One of my good chums is just about as clumsy as you can get. He drops mugs like they have all been greased, he walks into panes of glass, and no antique flower vase is safe. Nevertheless, he, like many more spatially aware people I know, suffers from a disease known only as: Spectacles Abscentia.
In his case, he has sat on, stood on, dropped, or otherwise crushed and broken every pair of sunglasses he has ever owned. But it is something I hear from everyone, no matter how old you are, whether you are a forgetful young flapper or a sage old septuagenarian; glasses just seem to disappear.

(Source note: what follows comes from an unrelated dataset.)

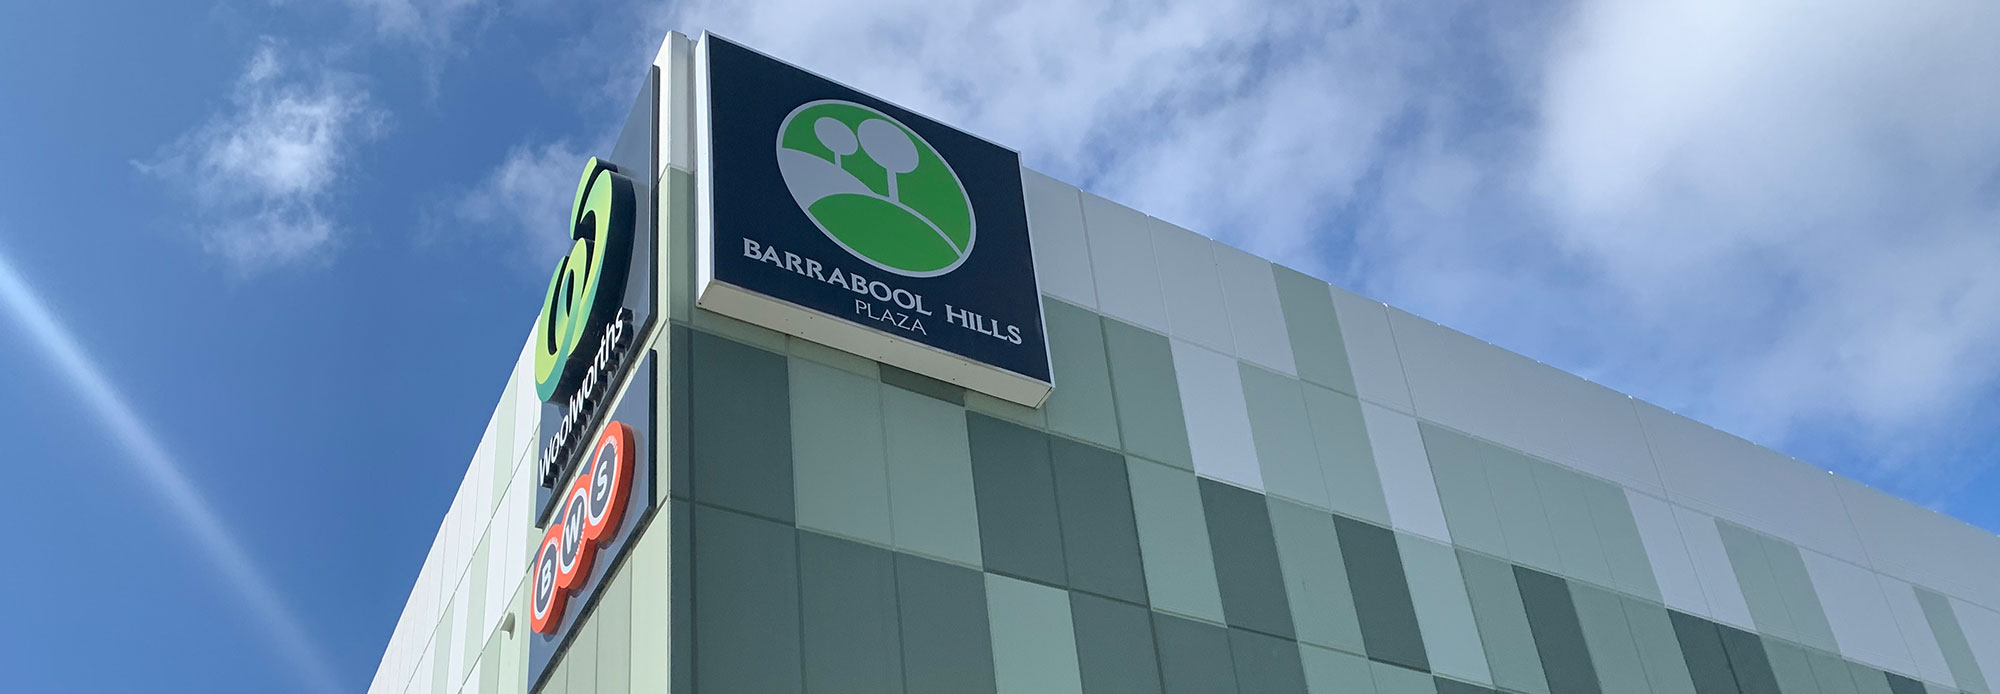 Barrabool Hills Plaza centre information

In my friend’s case, after hearing the unmistakable sound of cracking and splintering plastic lenses, his long term partner recently bellowed: “That’s the last bloody pair, you hear me? No more expensive sunglasses!”
Moreover, it’s not just him. I have grandparents who are going through reading glasses so quickly that I am beginning to suspect they are burning them in lieu of their winter fuel allowance. Everyone knows it, sunglasses are expensive.
But you have to have them. Have you ever walked outside into the sun from a long day of writing, hunched over your laptop in the deep dark cellar of KCW Today? I have, and let me tell you, if I were to emerge without sunglasses my retinas would no doubt imitate the last scene of Raiders of the Lost Arc and melt with almost holy ferocity.
So the question is, how do you buy Raybans without taking a long flight to Thailand and coming back with Raybuns?
Cubitts of King’s Cross has just two “workshops” in Soho (37 Marshall Street) and Borough (9 Park Street). Your glasses are cut from a single sheet of polished italian acetate, so no two glasses will look the same. And their company ethos is: ‘Handmade spectacles & sunglasses. In classic British styles. Modestly priced. That’s it.’”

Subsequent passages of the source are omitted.